## Input data:
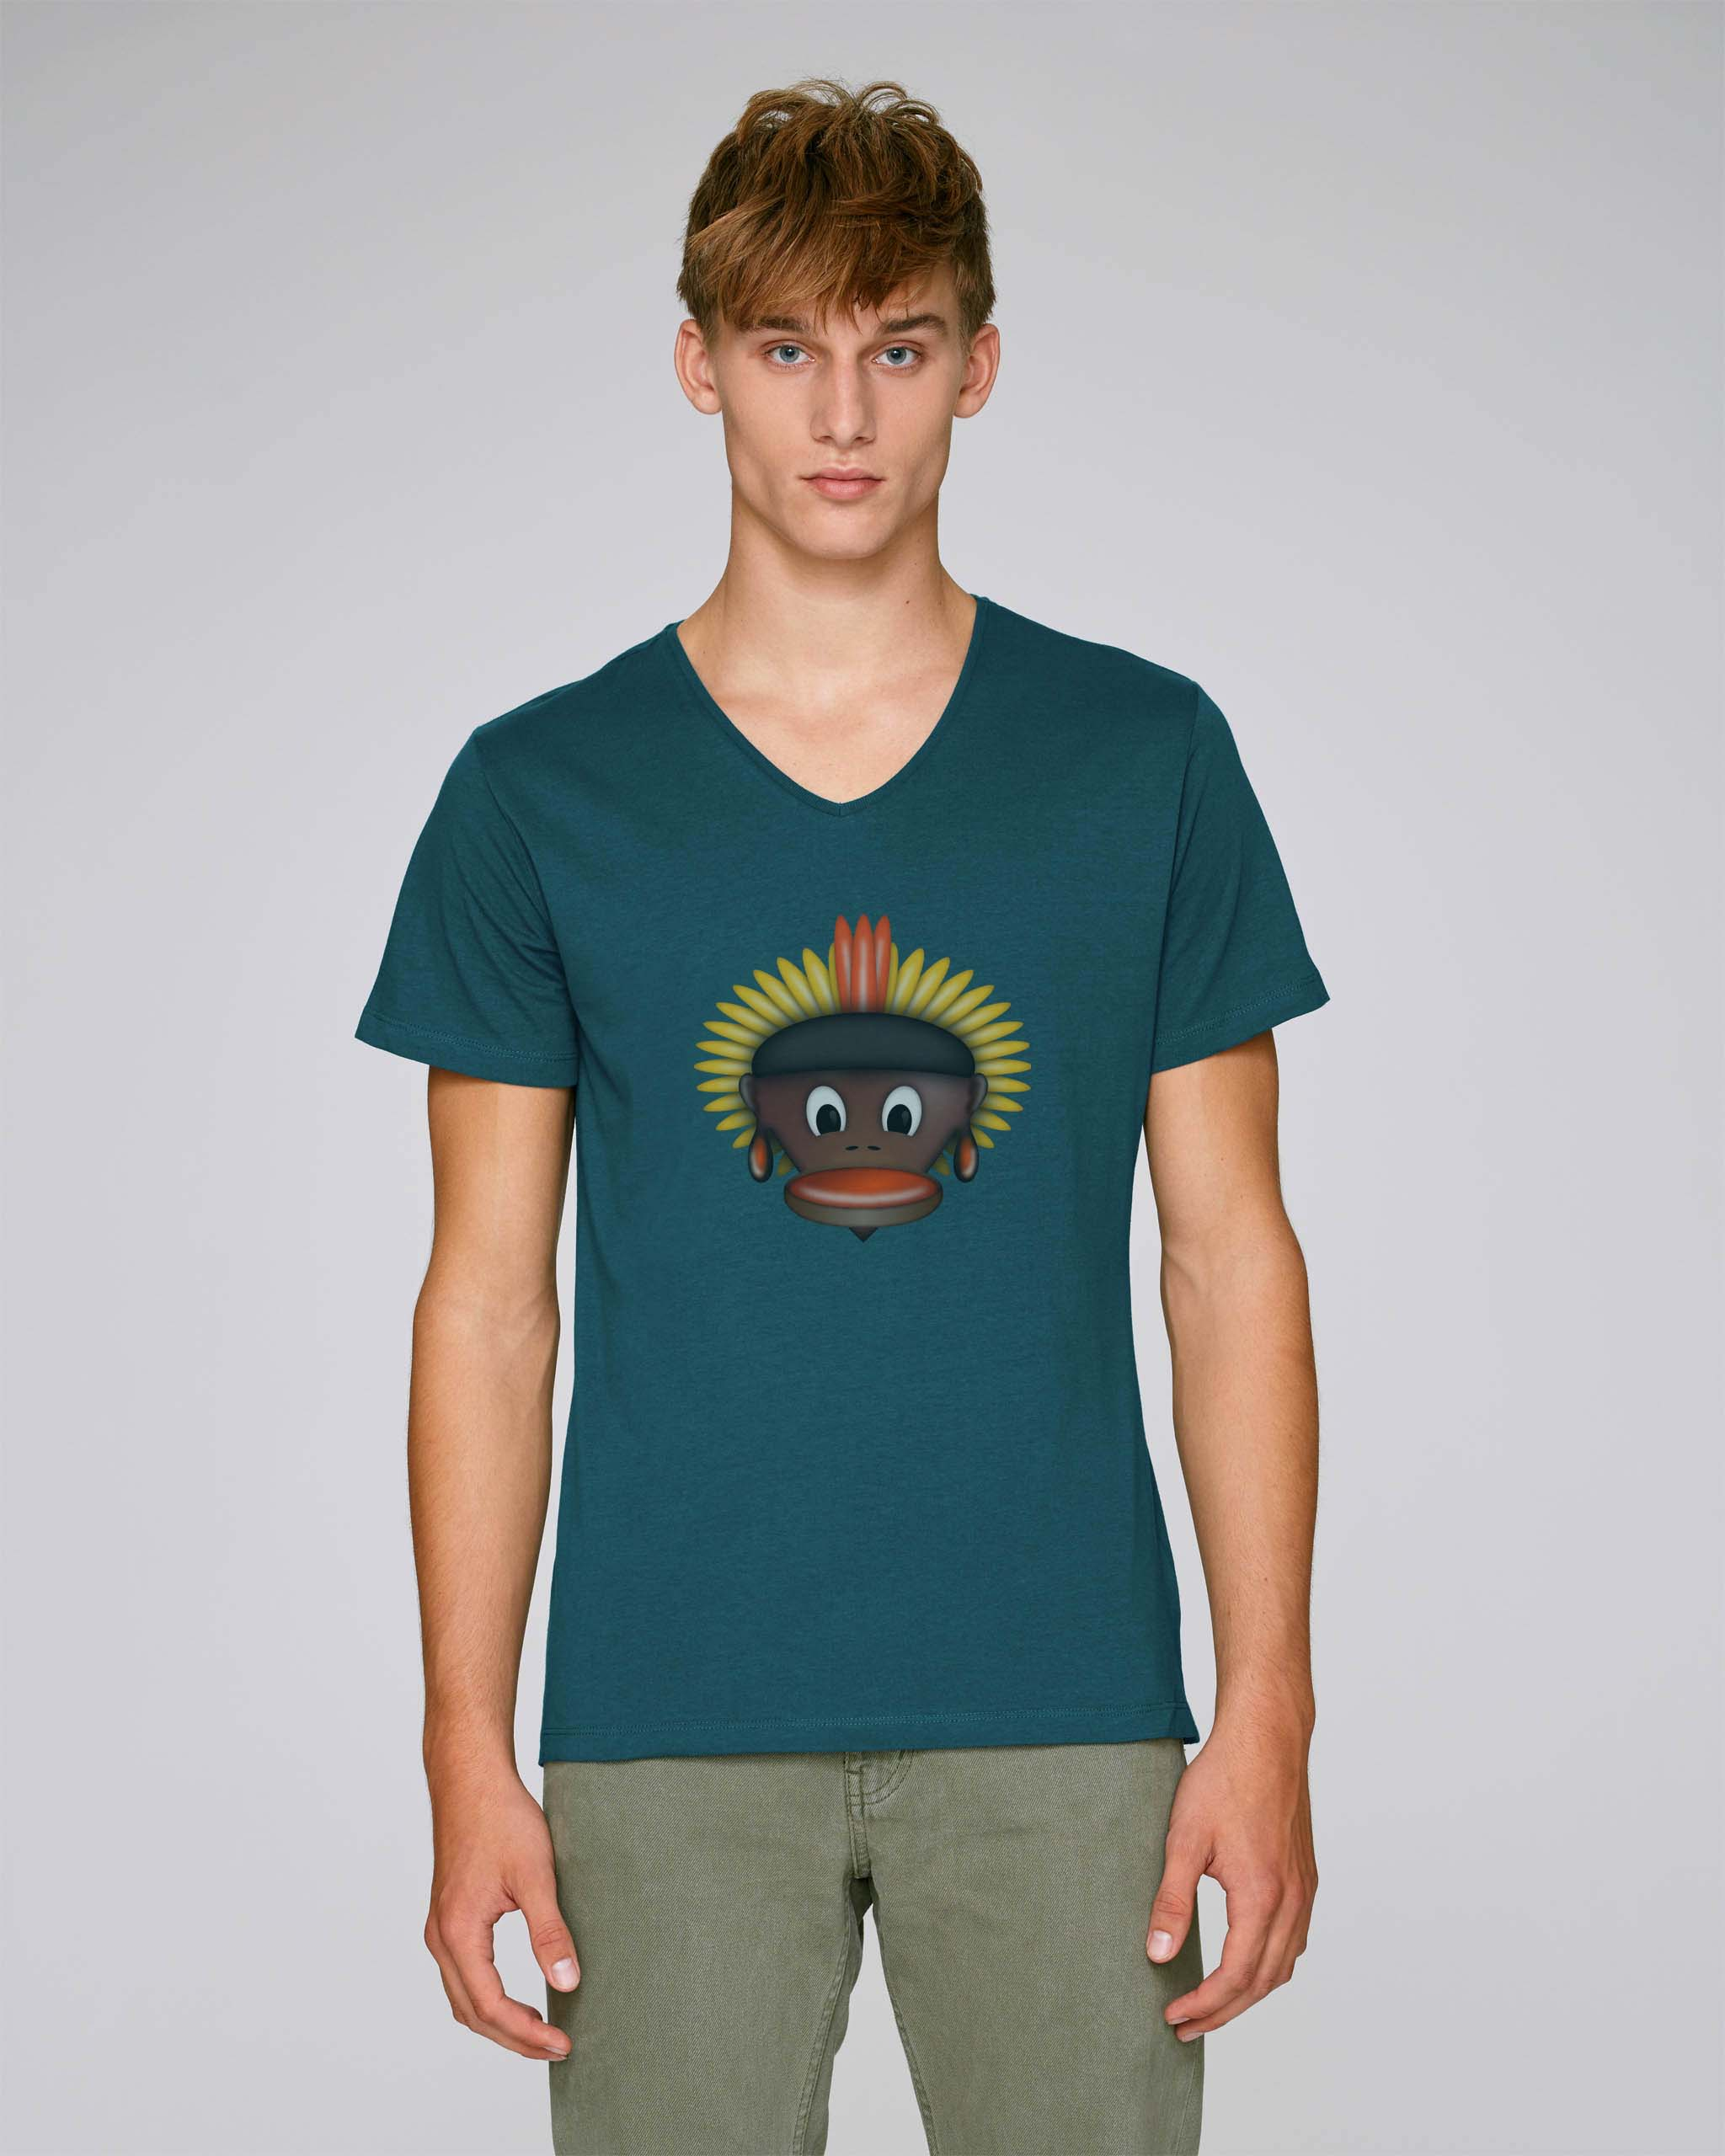 T-Shirt Vert Foncé Bio Homme - Tribe tee
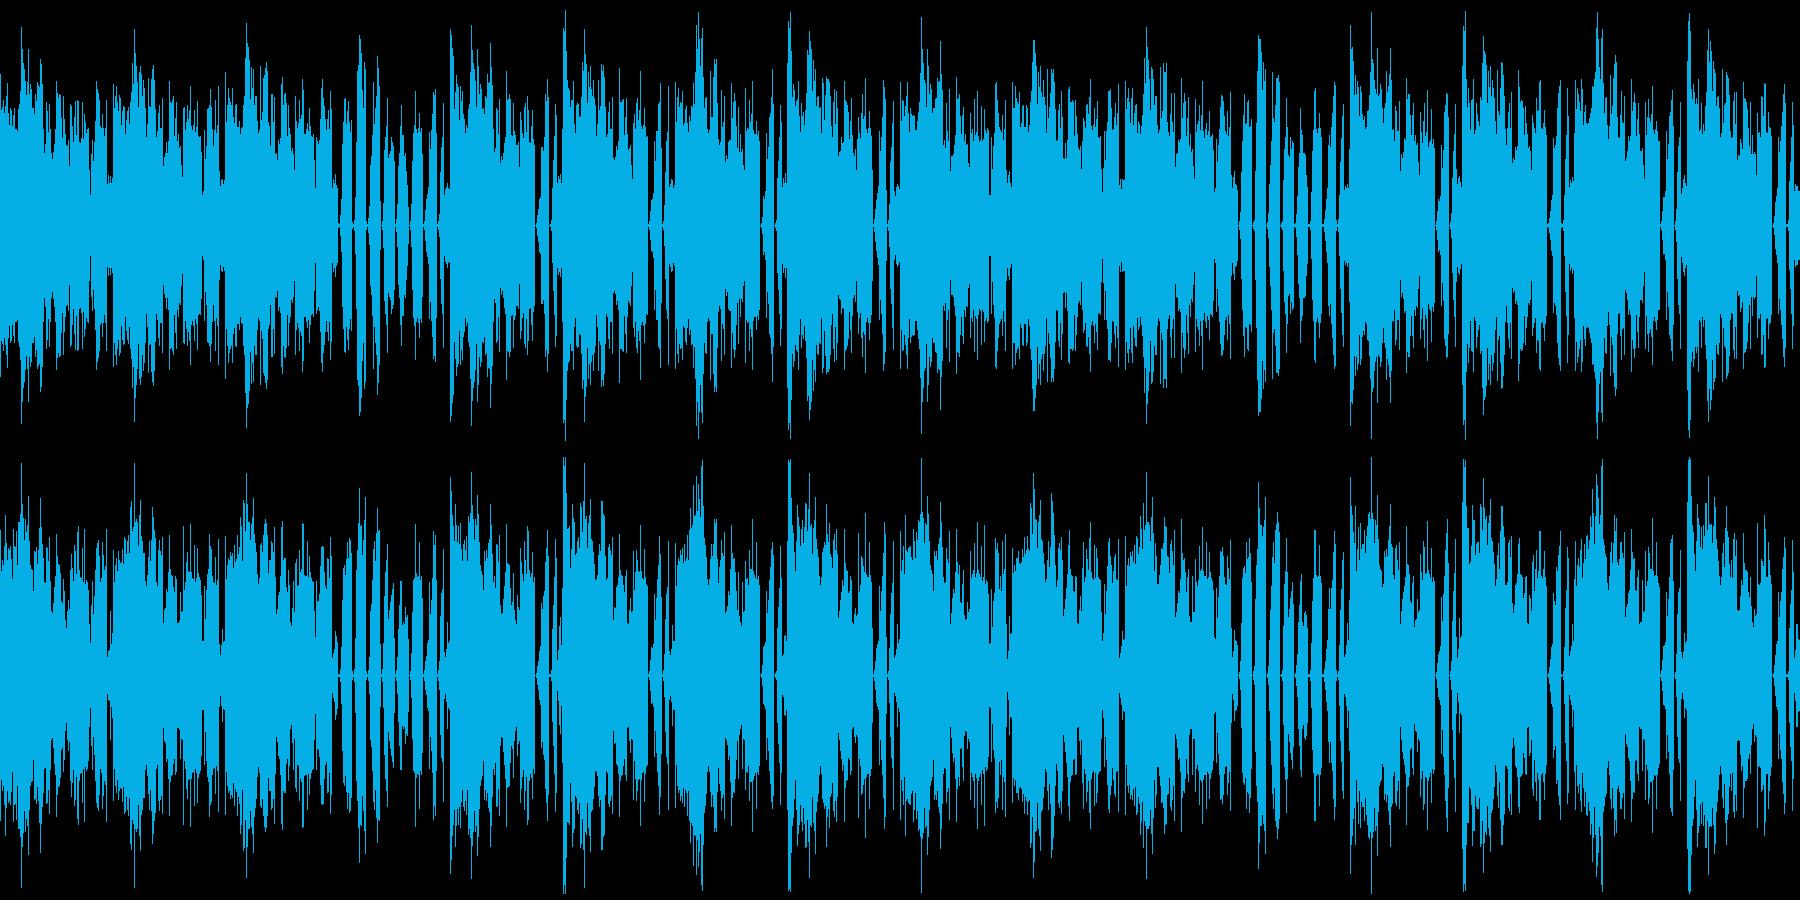 【ムードたっぷりおしゃれSAXJAZZ】の再生済みの波形
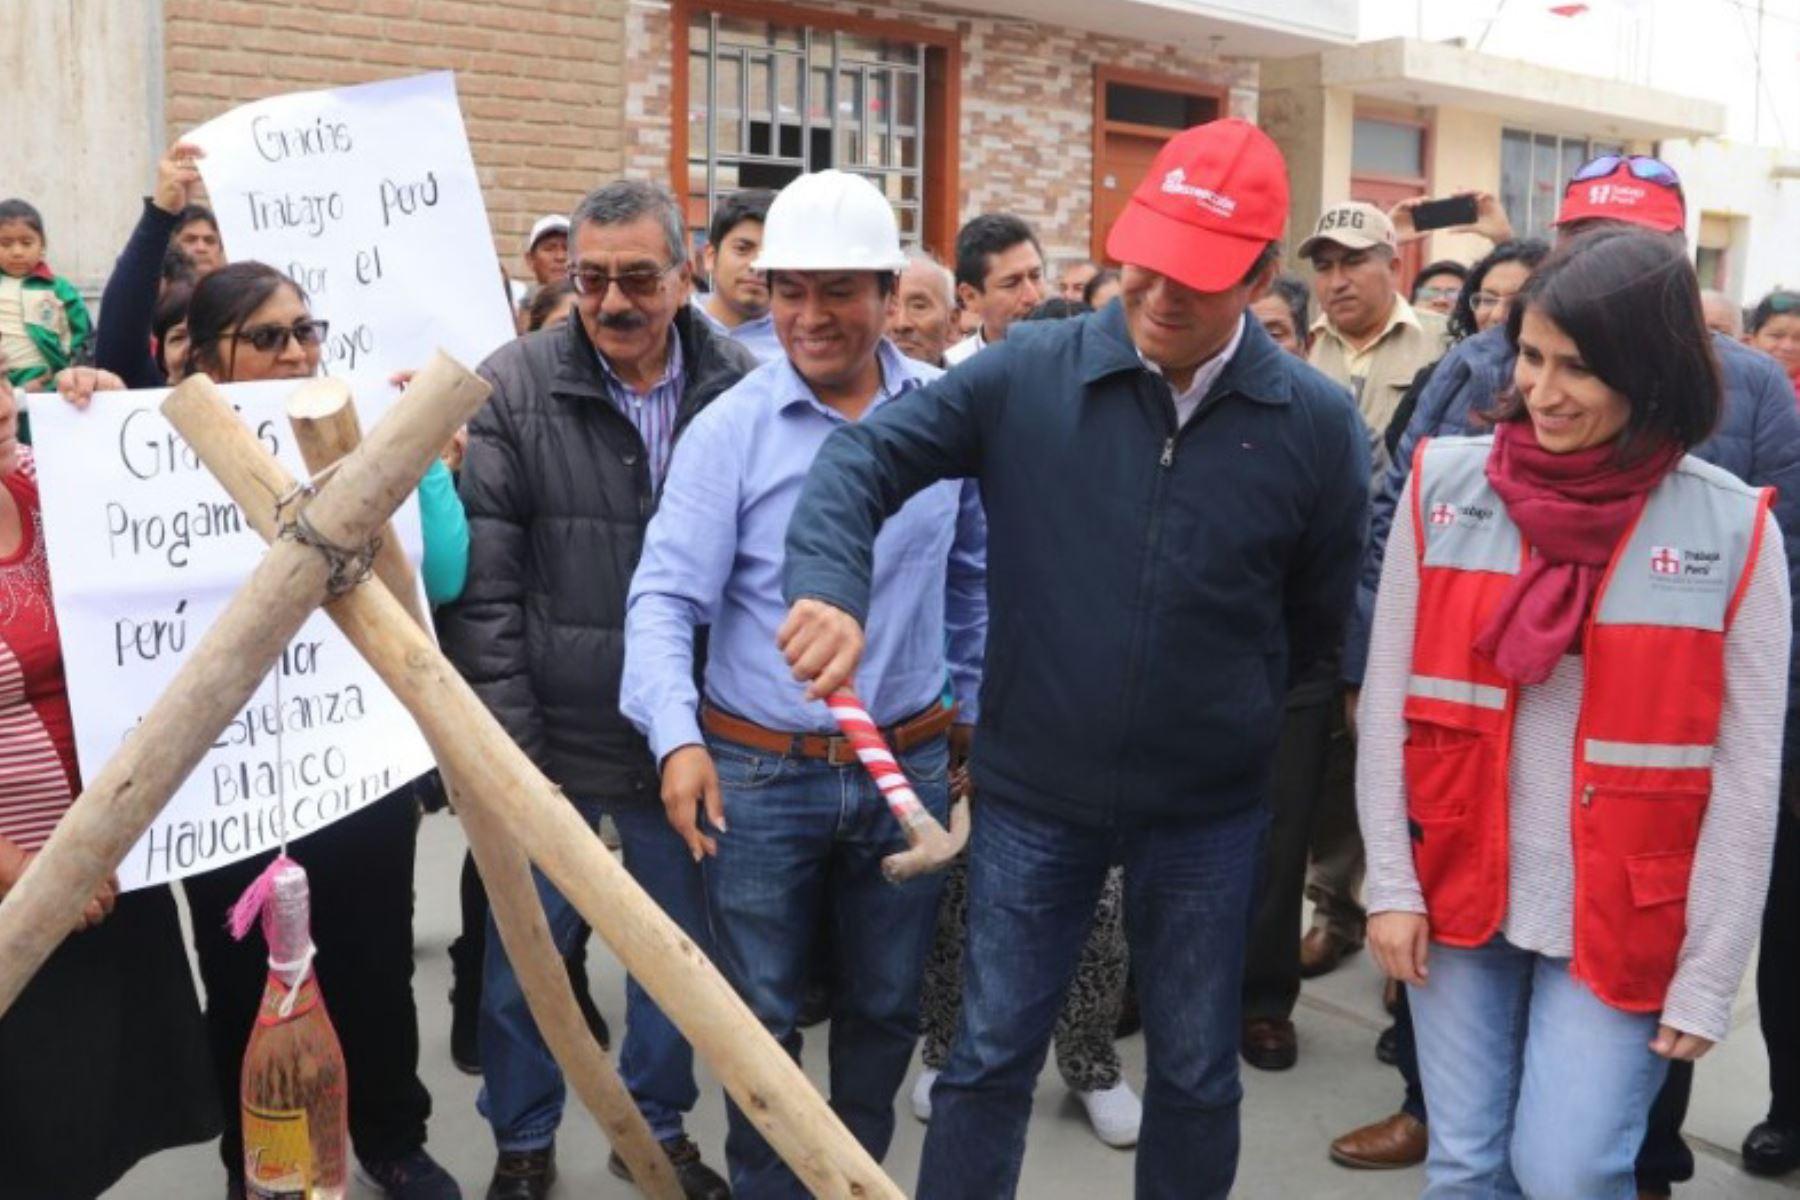 La región Lambayeque recibirá próximamente una transferencia de cerca de 350 millones de soles para la ejecución de obras de rehabilitación y reconstrucción en las zonas afectadas por El Niño Costero, anunció hoy el director de la Autoridad para la Reconstrucción con Cambios (ARCC), Edgar Quispe.

## What is being asked:
Images in the data above are to be skipped. Retype all other material exactly.

## Your solution:
 T-Shirt Vert Foncé Bio Homme - Tribe tee
 【ムードたっぷりおしゃれSAXJAZZ】の再生済みの波形
 La región Lambayeque recibirá próximamente una transferencia de cerca de 350 millones de soles para la ejecución de obras de rehabilitación y reconstrucción en las zonas afectadas por El Niño Costero, anunció hoy el director de la Autoridad para la Reconstrucción con Cambios (ARCC), Edgar Quispe.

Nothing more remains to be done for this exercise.